As Bug 1650985 is targeted to 4.3.4 this can not be verified until then.
Is this bug fixed in ovirt-engine-4.3.5? Can this move to QE?
INFO: Bug status wasn't changed from MODIFIED to ON_QA due to the following reason: [No relevant external trackers attached] For more info please contact: infra
Marking as blocked by https://bugzilla.redhat.com/show_bug.cgi?id=1695585
This bug is blocked by bug 1695585 which is in new state and not targeted. Please retartget this bug out of 4.3.5.
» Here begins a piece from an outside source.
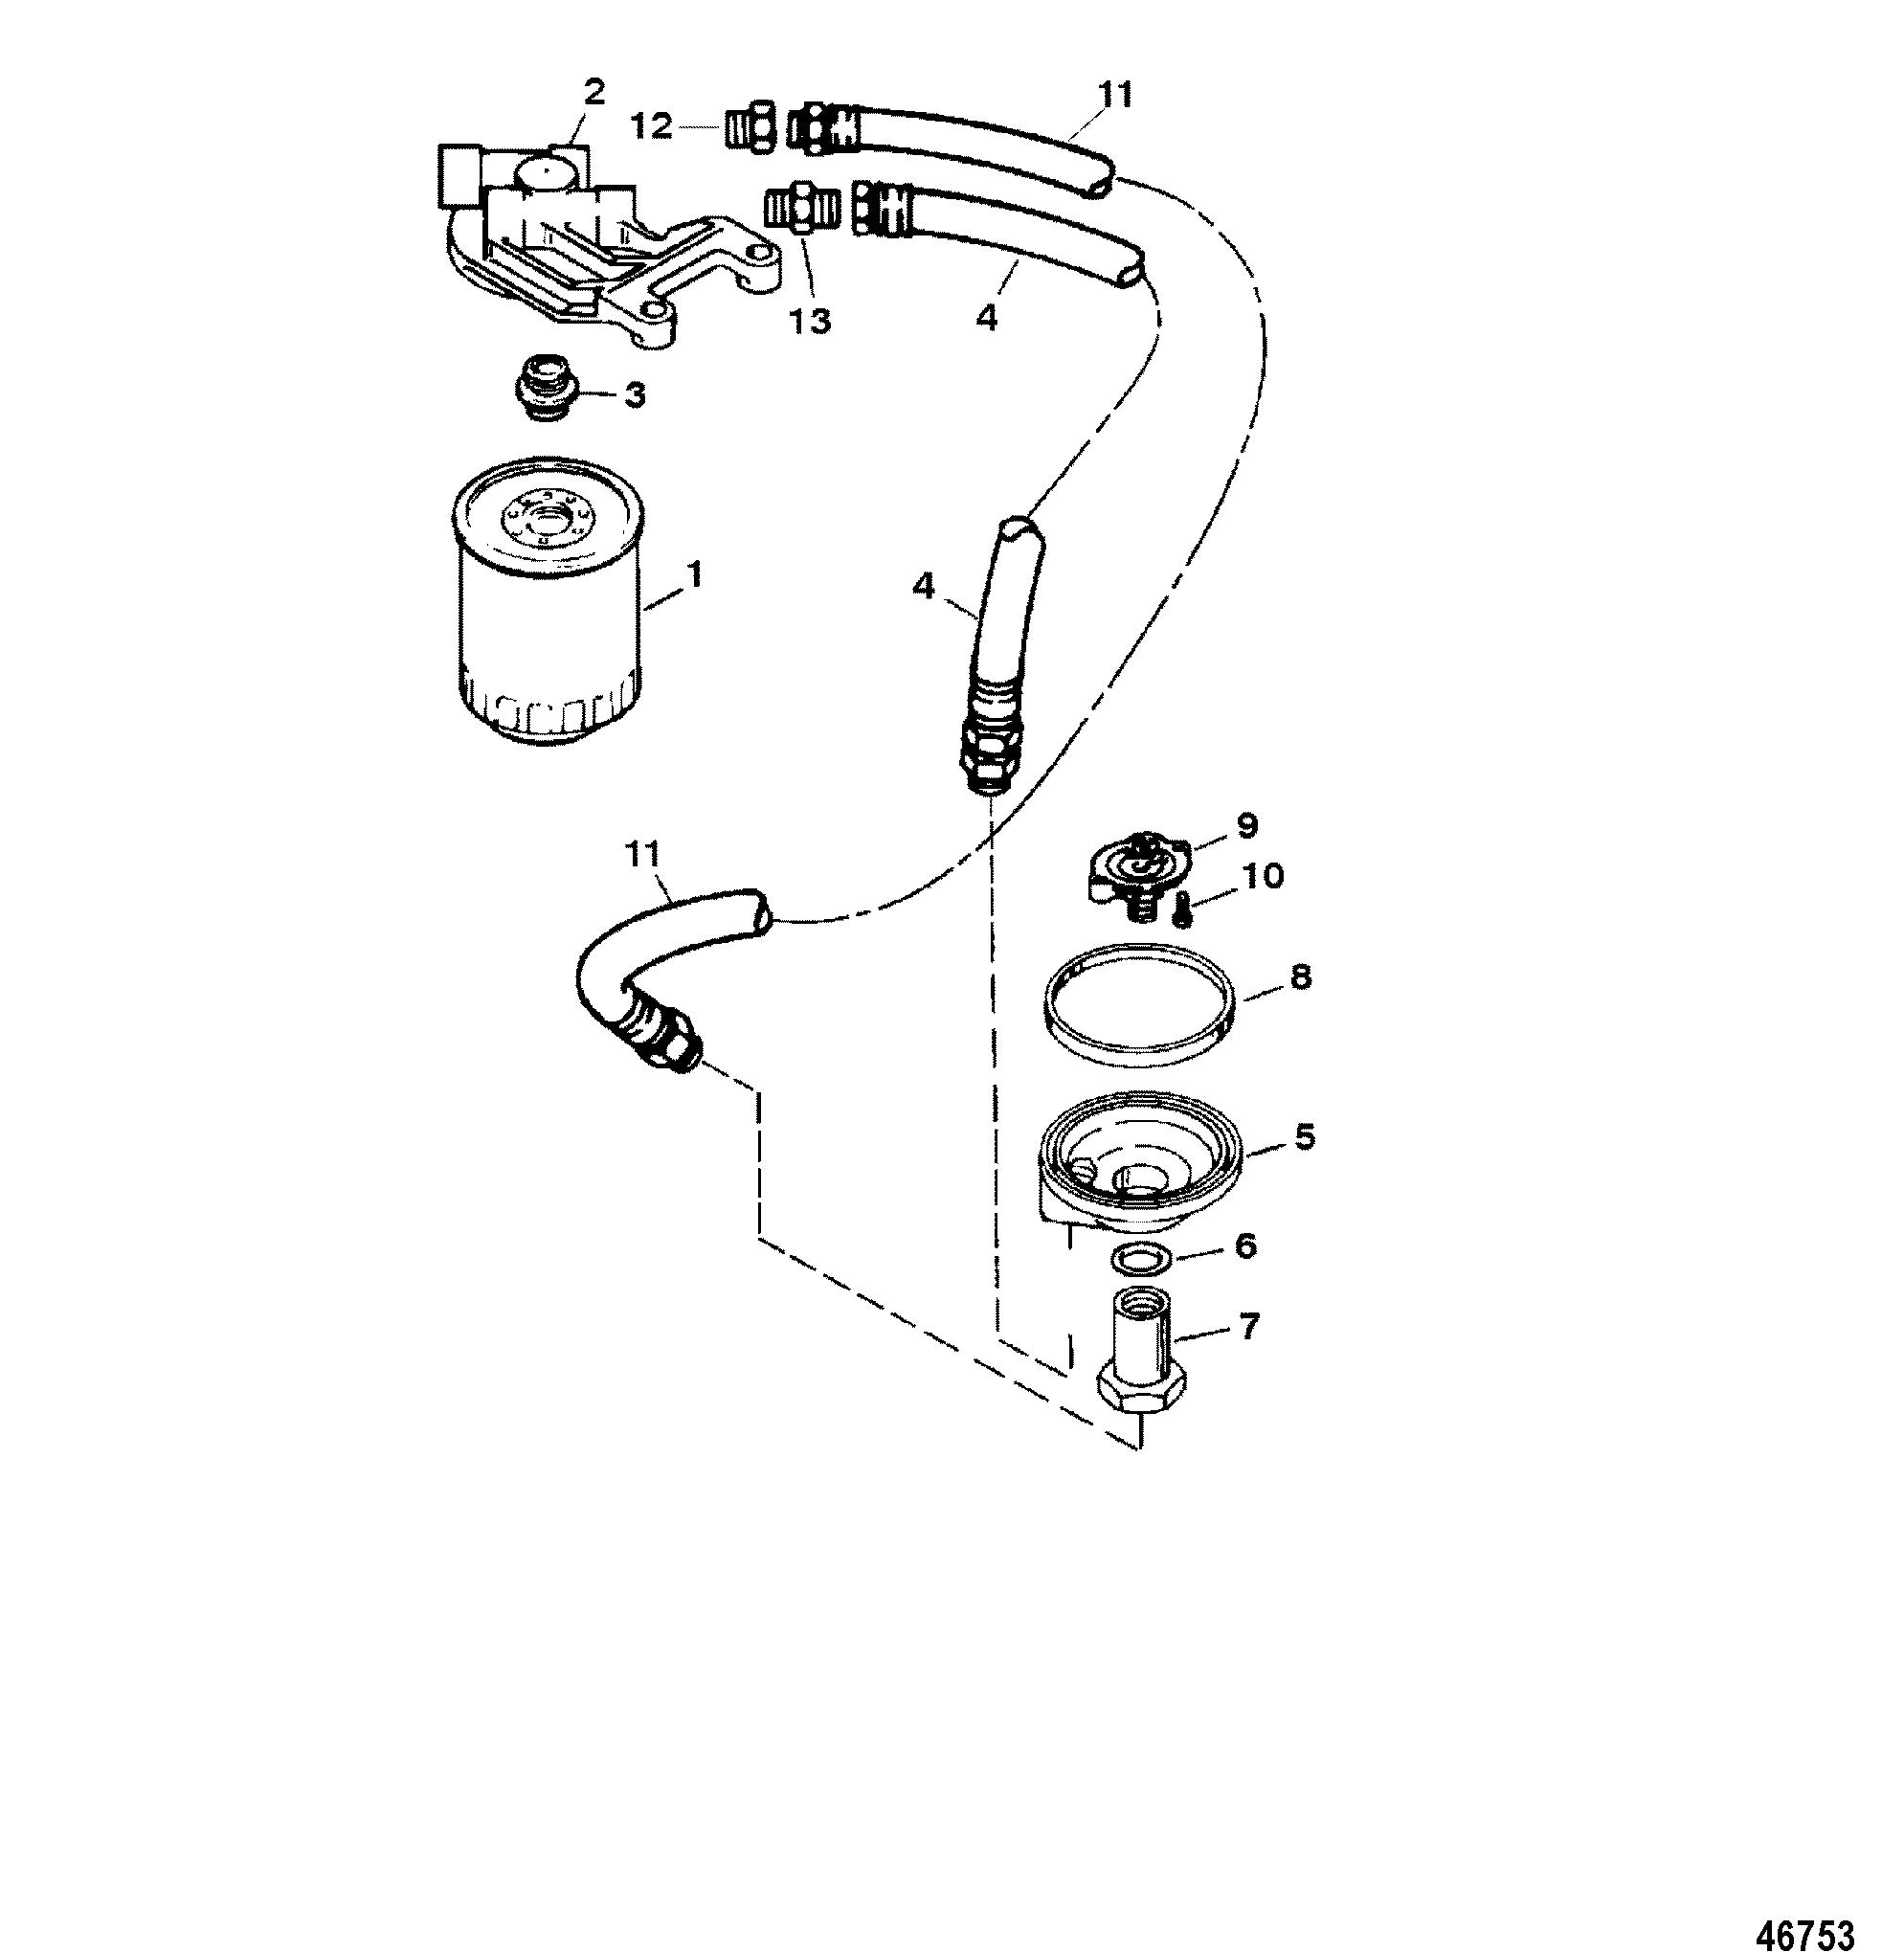 oil filter and adaptor for mercruiser 350 magnum alpha efi

(In reply to Avihai from comment #13) > This bug is blocked by bug 1695585 which is in new state and not targeted. > > Please retartget this bug out of 4.3.5. clearing target milestone to be triaged again
Verified on: engine-4.4.0-0.13 vdsm-4.40.0-164
This bugzilla is included in oVirt 4.4.0 release, published on May 20th 2020. Since the problem described in this bug report should be resolved in oVirt 4.4.0 release, it has been closed with a resolution of CURRENT RELEASE. If the solution does not work for you, please open a new bug report.